Clinton: This Election Is ‘Downright Depressing’

September 19, 2016

Hillary Clinton said Monday that the 2016 presidential election "can be downright depressing" during a rally held at Temple University in Philadelphia.

"This election, in particular, can be downright depressing sometimes," Clinton said while speaking about how the United States is in need of strong and principled leadership.

"We also need strong, principled leaders who can win votes, write laws, allocate resources, and do the slow, hard business of governing," she said.

Clinton added that this election cycle is not only depressing, but she also thinks "politics can be discouraging."

Clinton was speaking at Temple University as part of a new outreach effort to millennial voters.
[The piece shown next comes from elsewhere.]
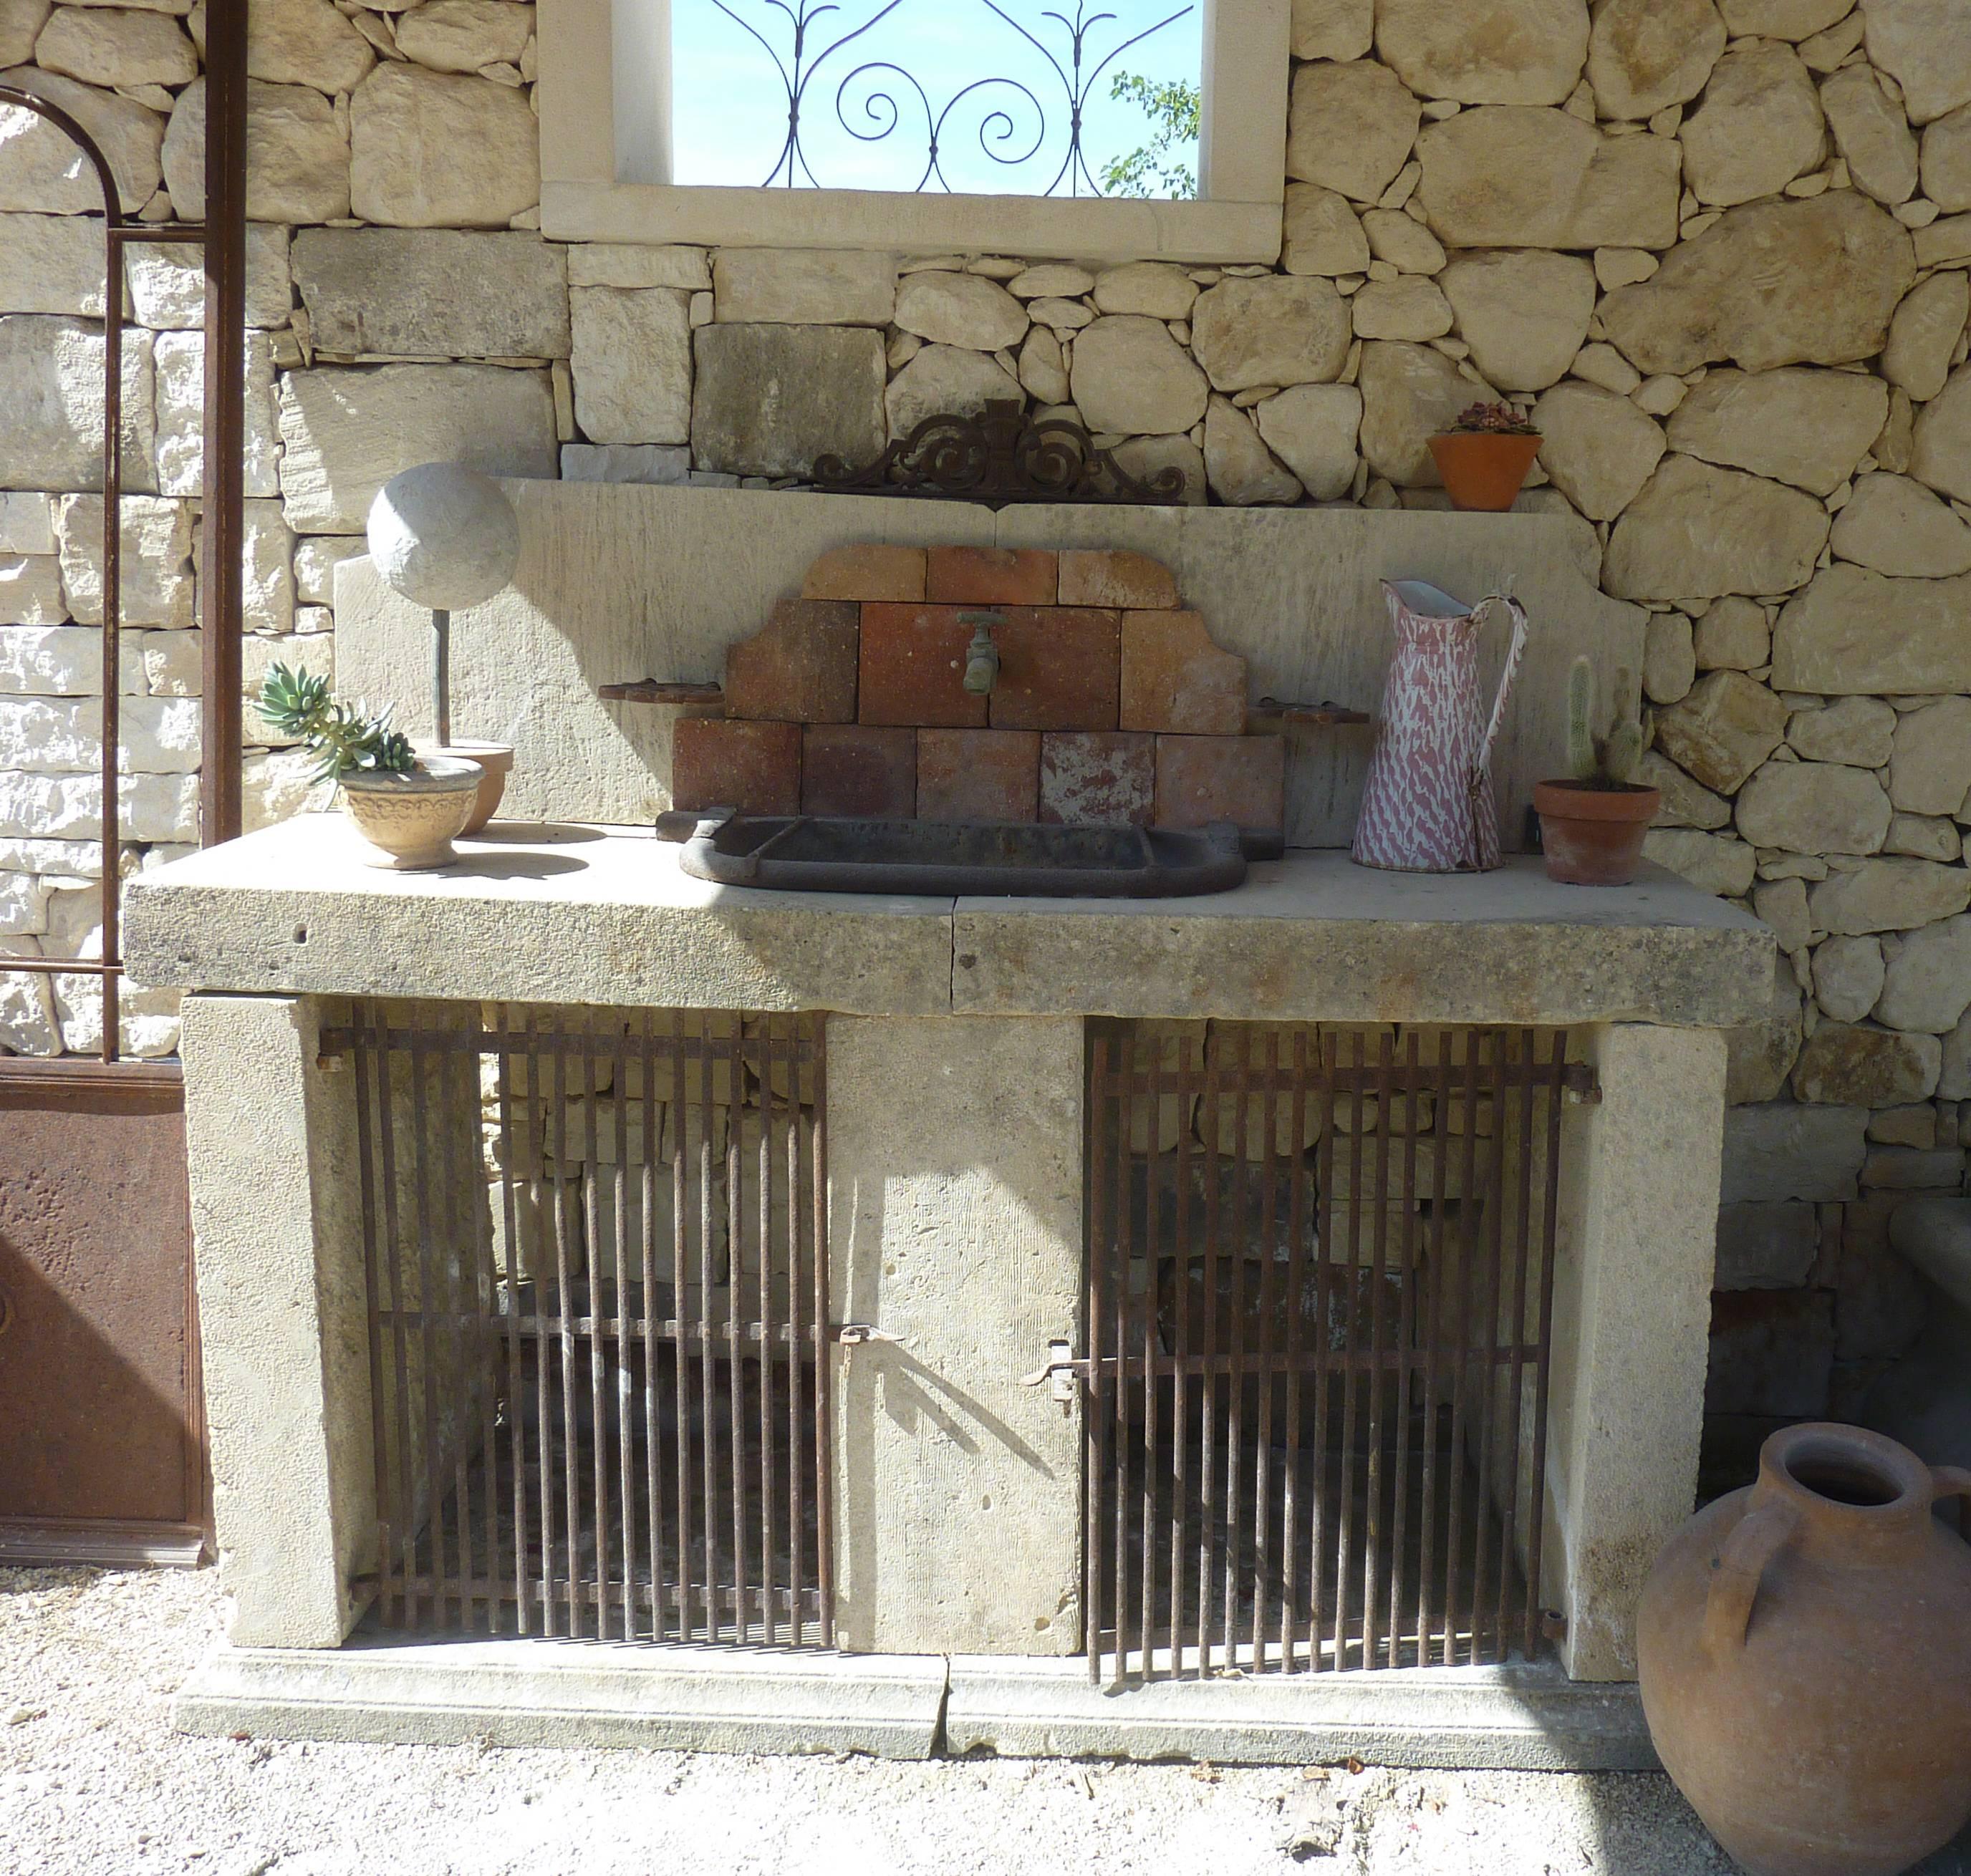 French Summer Kitchen in Antique Materials with Wrought-Iron Sink and Terracotta Tiles

She told the largely millennial audience that this election is important for both the country and the world as a whole.

"But, it matters," Clinton said. "It really does. It matters for our families, our communities, and our country, and the world."
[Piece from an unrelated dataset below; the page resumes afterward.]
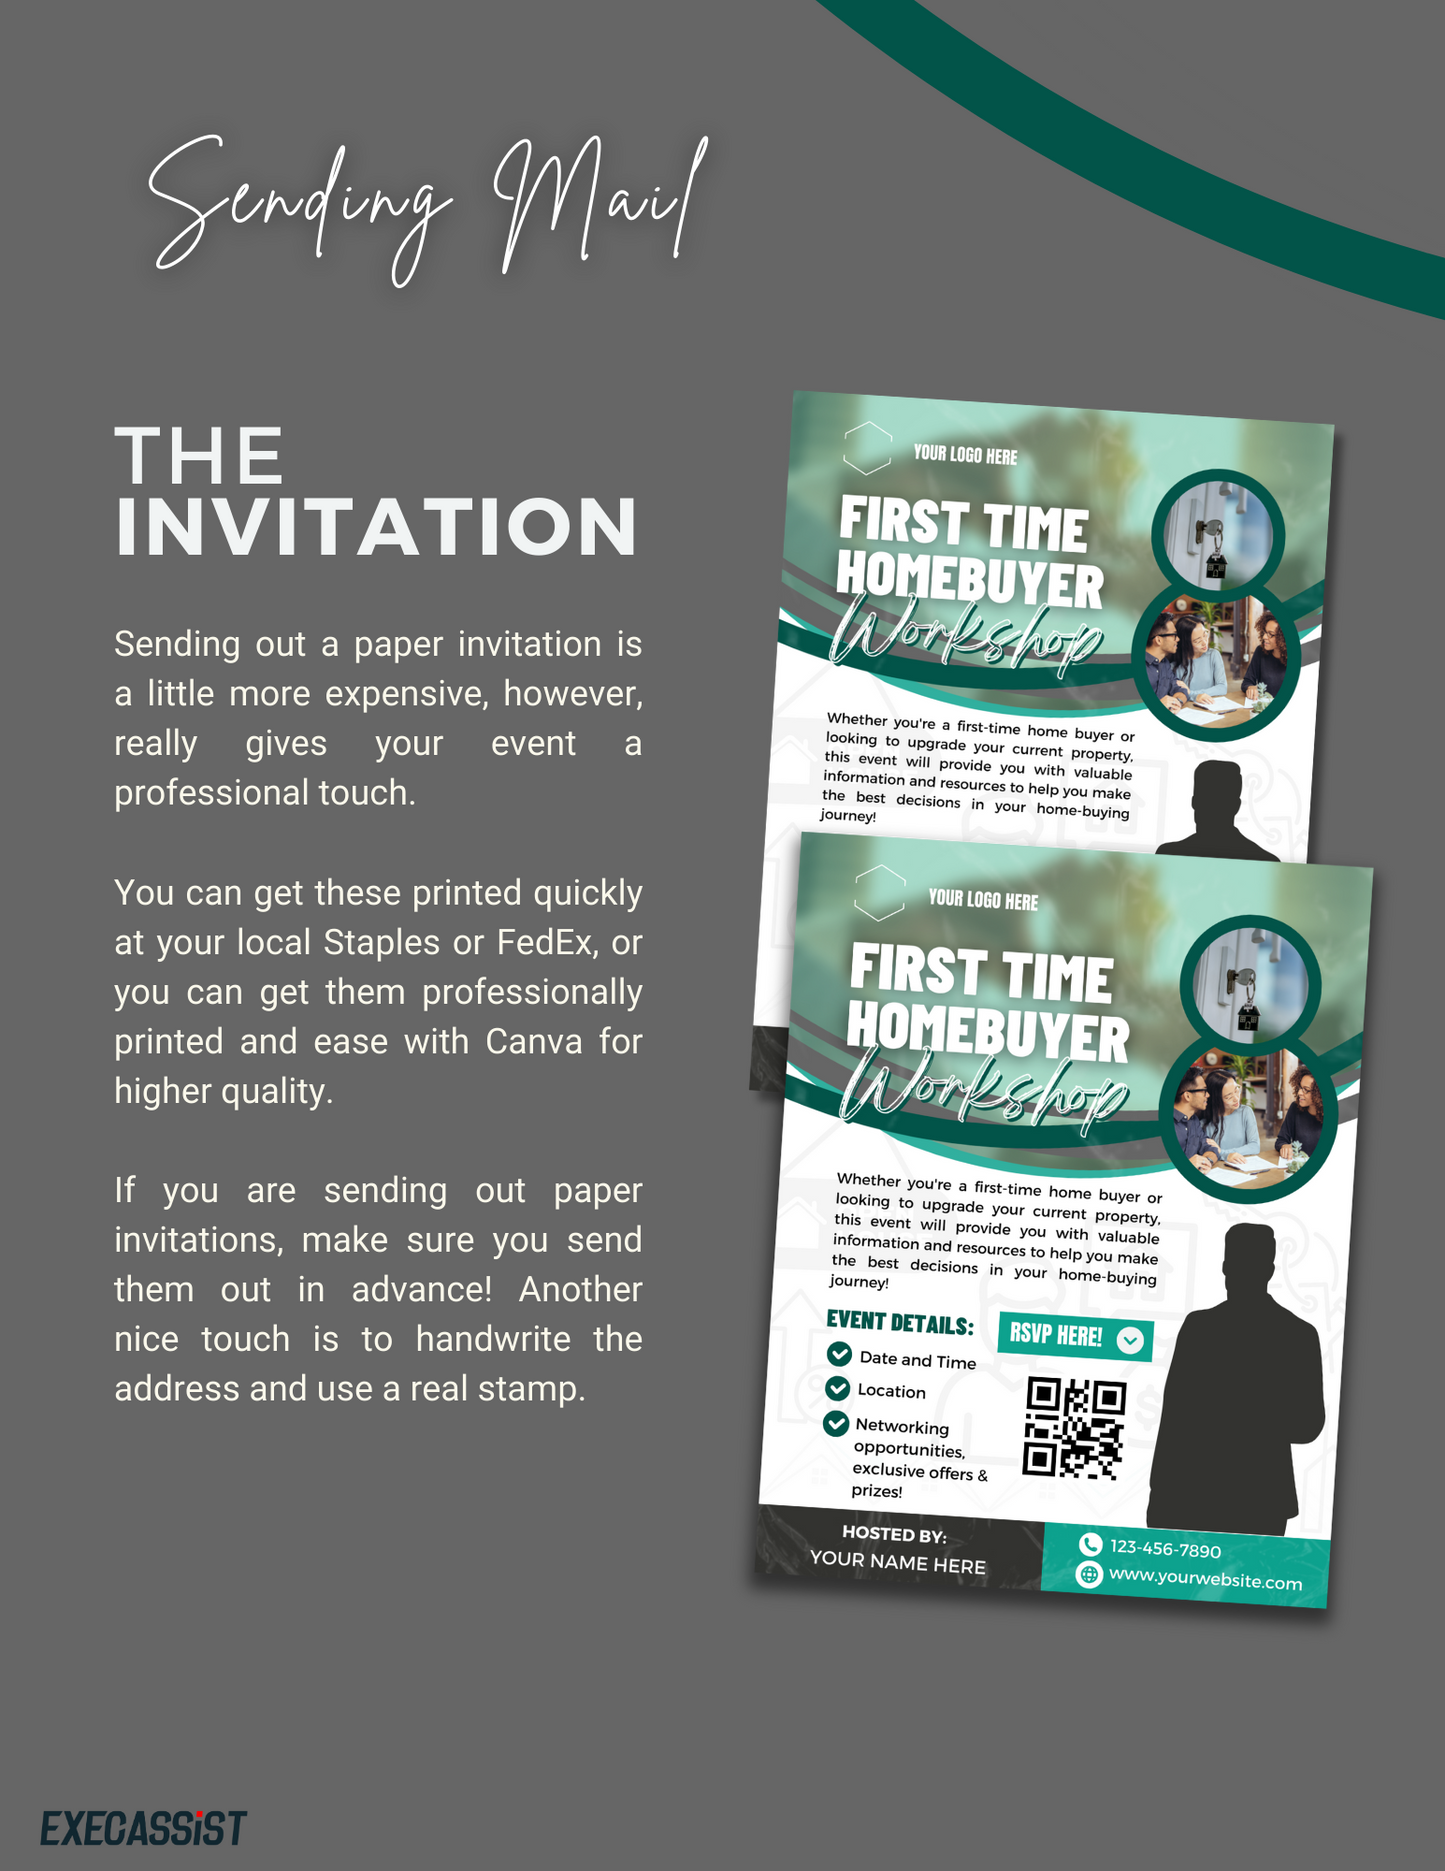 First Time Homebuyer - Agent Event Guide

Clinton is trying to appeal to younger voters as she struggles to gain support among this demographic group. One recent poll, for example, showed that only 38 percent of voters aged 18 to 34 support Clinton in swing states in a four-way race. Many of these individuals had supported Sen. Bernie Sanders (I., Vt.) in the Democratic primary. Sanders acknowledged Friday morning that some of his supporters still hate Clinton despite her becoming the Democratic nominee.

Clinton’s numbers are also sliding with African-Americans, a key part of the Democratic voting bloc. One poll released Saturday shows that Donald Trump seems to be gaining support among African-Americans while Clinton’s enthusiasm among the voting group is deteriorating.

In the span of less than a month, Clinton’s support plunged from 90.4 percent to 71.4 percent, the New York Post reported.

Trump saw a 16.5 percentage-point increase in backing from African-American voters in a Los Angeles Times/University of Southern California tracking poll, up from 3.1 percent on Sept. 10 to 19.6 percent through Friday.

Meanwhile, the same poll showed Clinton’s support among that group plummeting from 90.4 percent on Sept. 10 to 71.4 percent.